New Zealanders expect and deserve safe health care of the highest quality. We have a complex health care system that helps prevent and treat illness every day, and provides care to those reaching the end of their life.
This report looks at currently available measures within a framework for understanding quality and considers ‘How good is New Zealand’s health care?’ It seeks to create debate around the meaning and interpretation of the data presented, with a view to stimulating initiatives to improve our health and disability services.
Five specific questions are explored.
- When our patients most need to be safe, are they?
- Is the experience of patients being cared for in our system good?
- Is care effective, with the right care providing good outcomes?
- Do we provide an equitable system with good health care for all, regardless of sex, ethnicity, age or income?
- Does our system provide good value for money – does it avoid waste and deliver good outcomes for the resources used?
Key Results
The evidence in this report indicates New Zealand’s health and disability system is as good as, or better than, the health systems in most other similar developed countries for 7 out of the 10 measures where robust international comparison is possible. Most of the measures are improving or maintaining their position. A high proportion of patients report they were treated with dignity, respect, kindness and compassion in our hospitals. International comparisons show our health care system provides good value for money and helps people live longer, healthier lives.
Specifically:
• Disability adjusted life years lost (DALYs) per 100,000 population in New Zealand is seventh lowest of those OECD nations measured by the World Health Organization (WHO) – similar to Australia and lower than most western European countries, the US and Canada. This shows our health system is effective in helping people live longer, healthier lives.
• Early results from a new national patient experience survey for inpatients show positive results compared with jurisdictions such as England, Sweden and Canada. Patients generally have a good experience in hospital, and feel they are treated with dignity, respect, kindness and compassion.
• The system has addressed inequity in some targeted areas – notably immunisation, in which large disparities between Māori and non-Māori child vaccination rates have been almost eliminated in five years.
• Our health system is relatively inexpensive compared with similar countries – New Zealand is the 18th highest of 34 OECD countries in per capita expenditure on health care. Less is spent than in nearly all comparable English-speaking and northern European countries. This, combined with results similar to or better than these countries for most quality measures, suggests a system which provides good value for money.
• Specific process measures have improved over the past three years. For example:
– the use of insertion bundles to prevent central line associated bacteraemia (CLAB) is now routine in intensive care units (ICUs), and generally in other settings as well. This is comparable with the State of Michigan and better than most other countries
– New Zealand’s compliance with best practice hand hygiene requirements has increased from 62 percent in 2012 to 77 percent in 2015. This is similar to recent data for Australia and Canada.
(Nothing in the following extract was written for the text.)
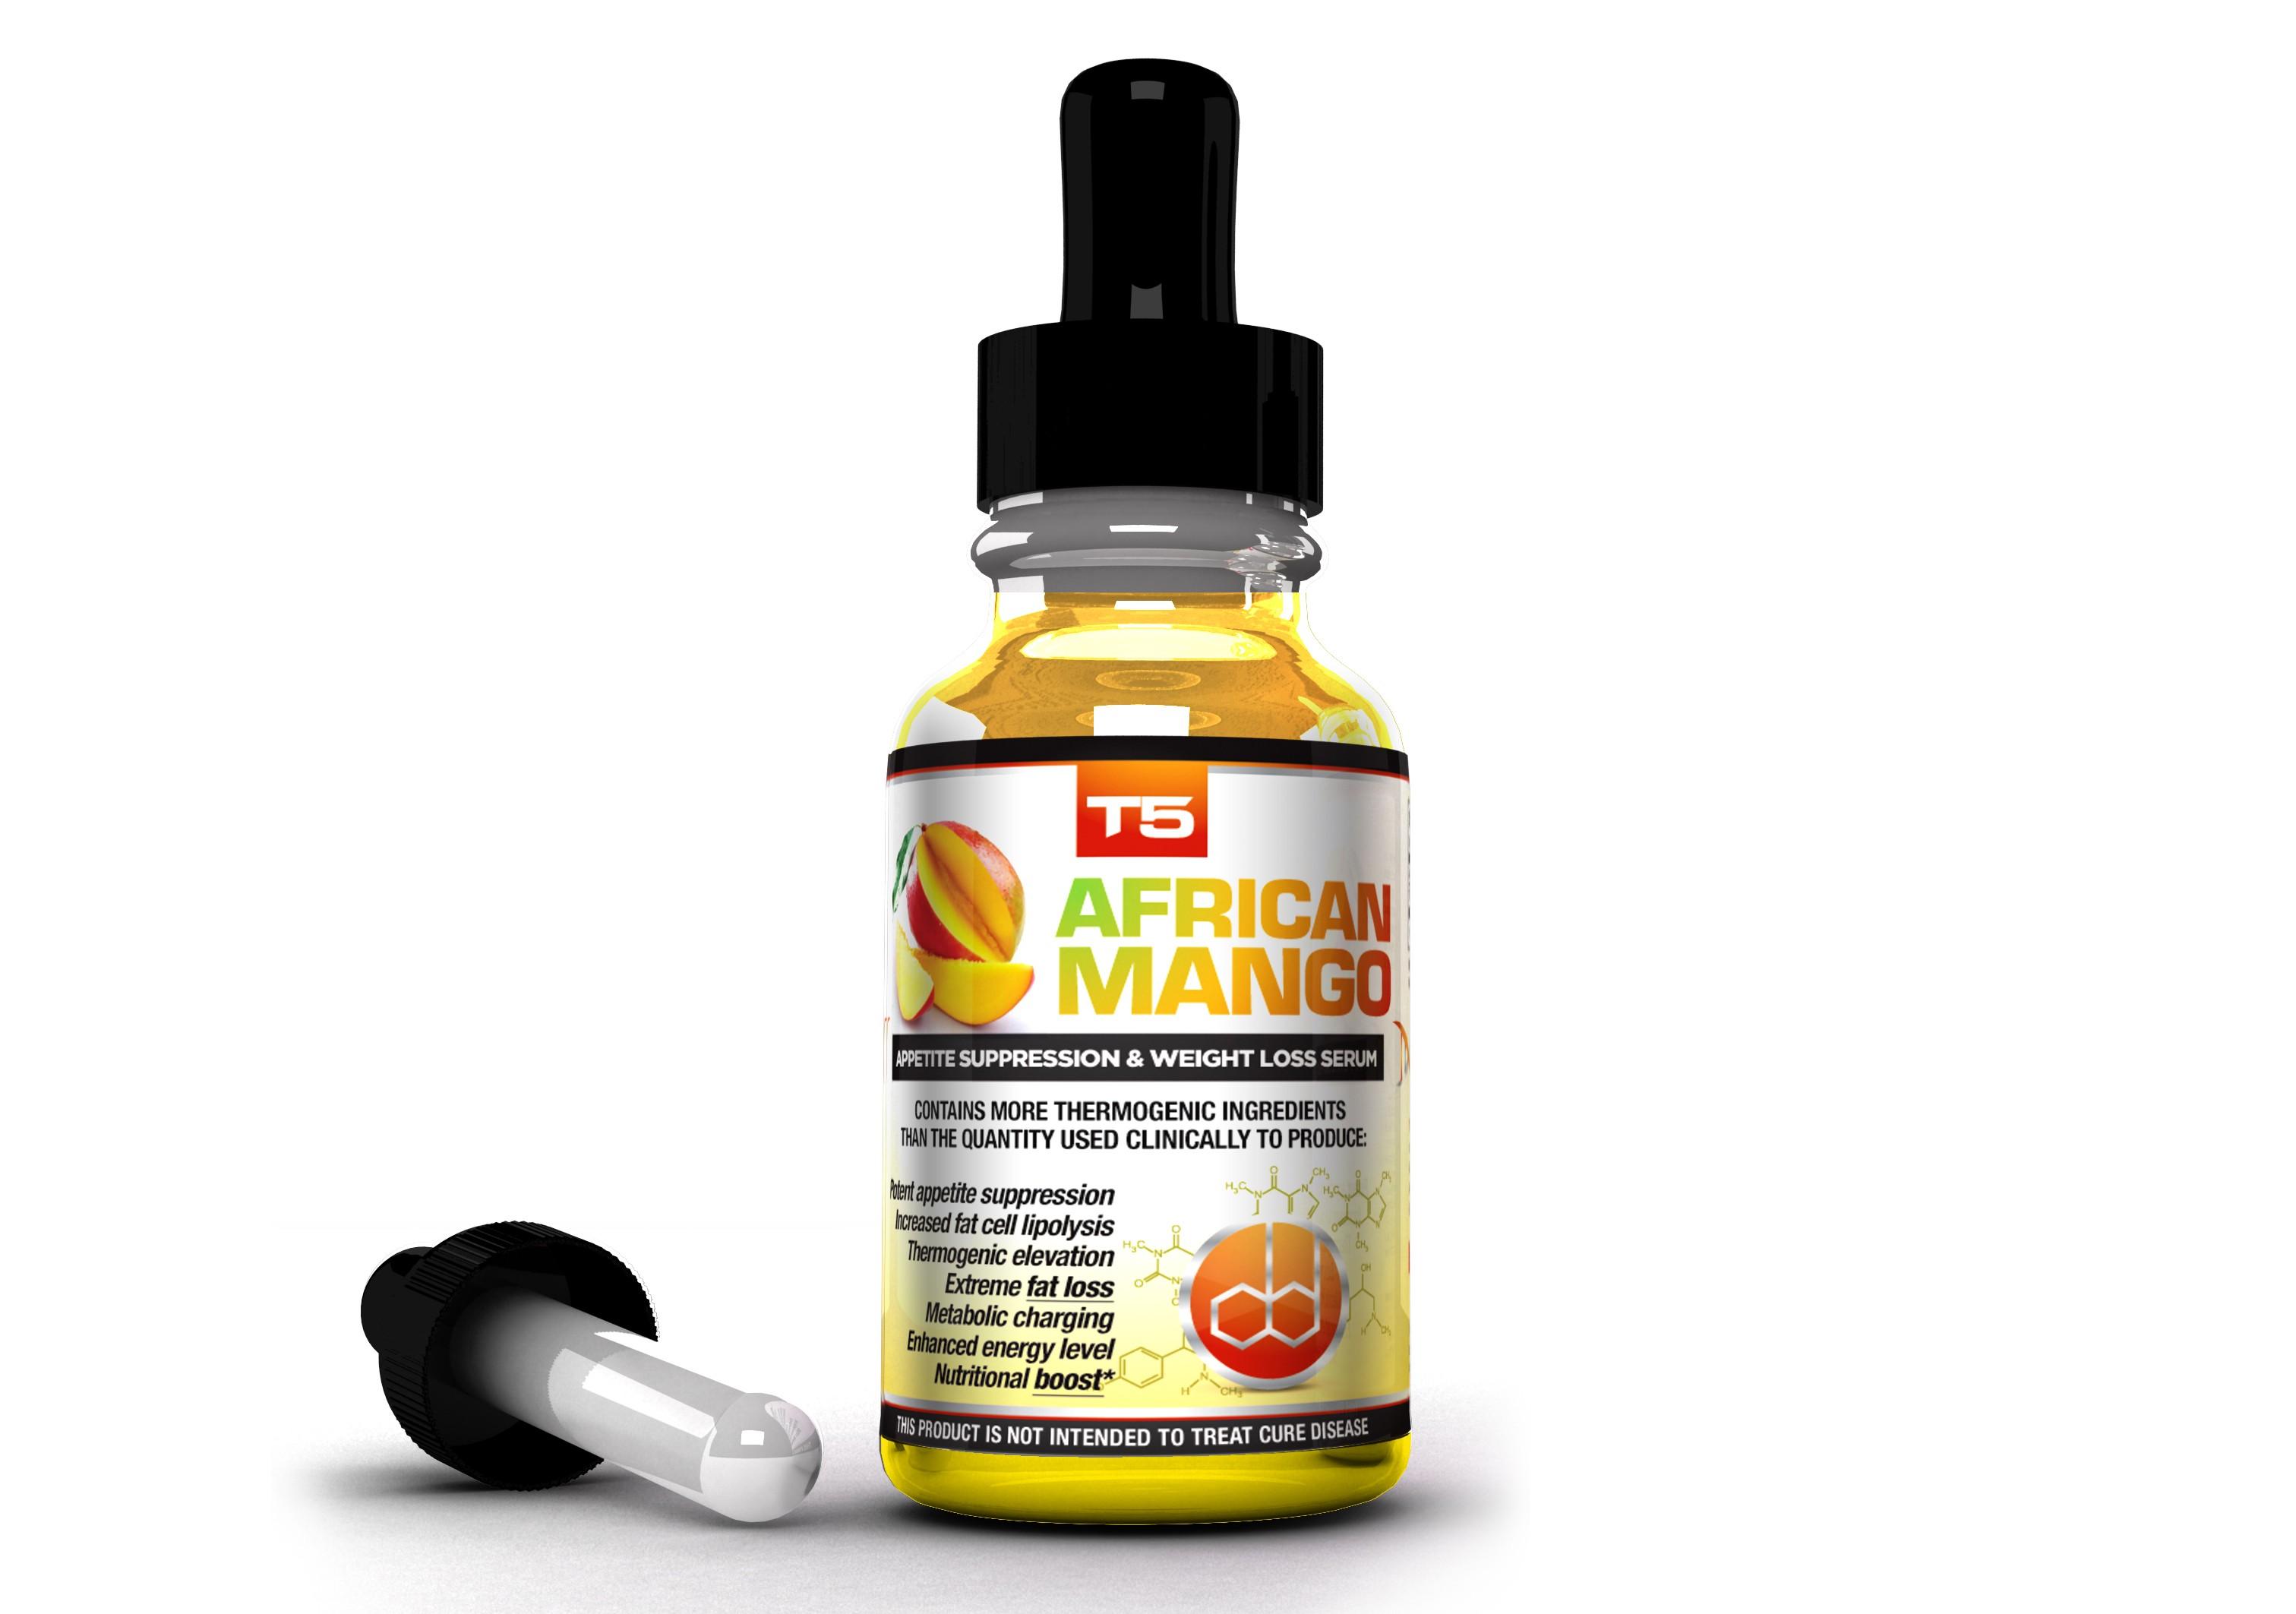 T5 African Mango

• Outcomes are more variable:
– The rate of CLAB infection in ICUs has fallen from 3.3 per 1000 line days in 2011 to 0.37 in 2014 and is now very rare. New Zealand performs well internationally on this measure.
– Rates of Staphylococcus aureus bacteraemia (a common bacterial infection in hospitals) have not changed. New Zealand’s rates are slightly higher than Australia’s and lower than Scotland’s.
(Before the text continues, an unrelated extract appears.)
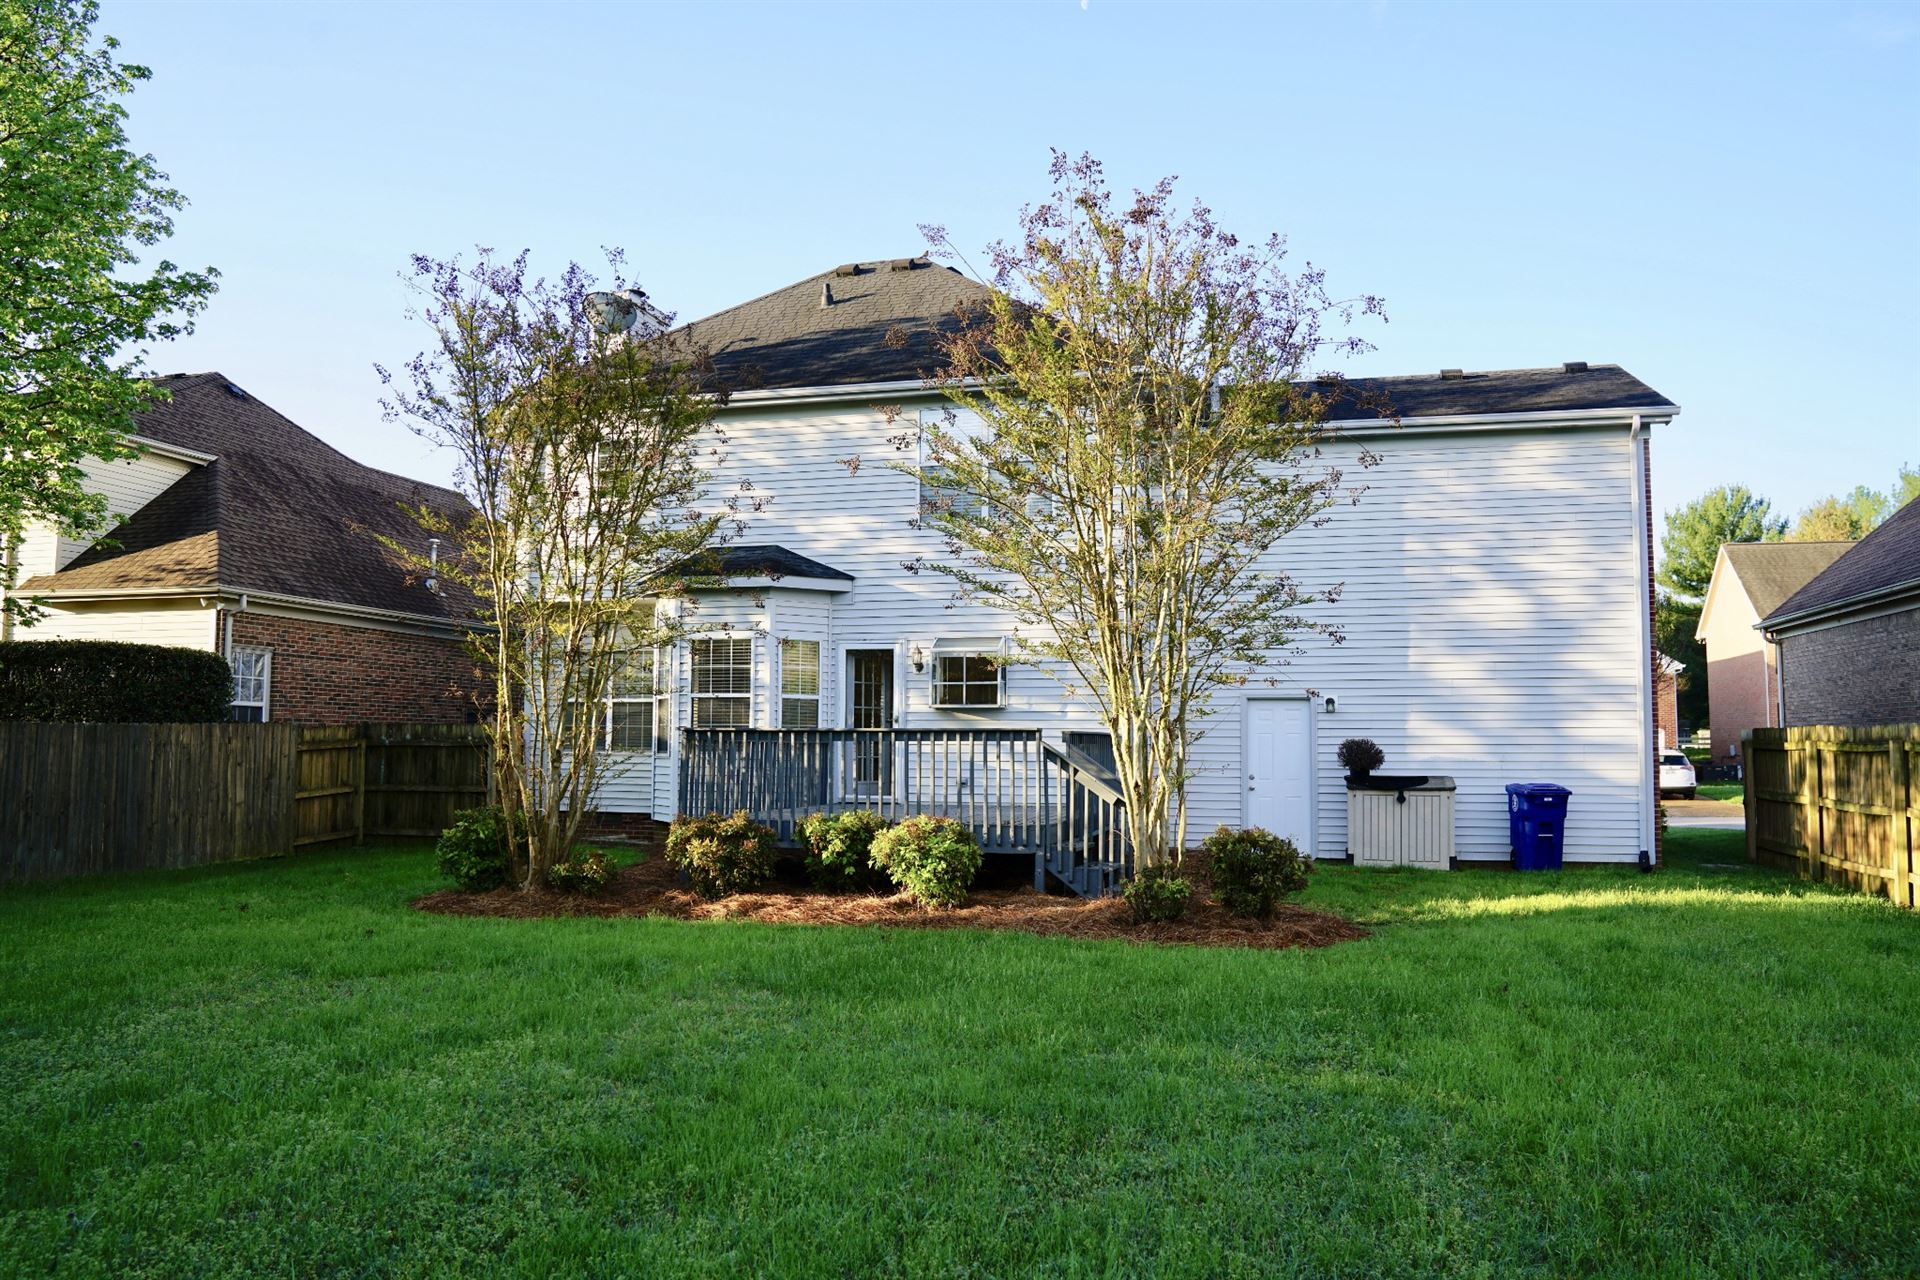 Photo of 177 Crestfield Place, Franklin, TN 37069 (MLS # 2232095)

– There has been an increase in postoperative sepsis in recent years. The cause is unclear and further work is needed to understand and address this increase. New Zealand does not compare well with other countries in this measure.
There are three clear areas for improvement:
• Inequity in access. New Zealanders report economic barriers in access to health care second only to the US. This data precedes recent initiatives to provide free access to general practitioners (GPs) for children aged under 13. However, the Atlas of Healthcare Variation provides several other examples of variation between ethnic groups in use of the most appropriate care.
• Harm to patients – as illustrated by the Commission’s annual report of serious adverse events.4
• Variation in patterns of care, even when taking into account the different needs of populations, or the wishes of individual patients.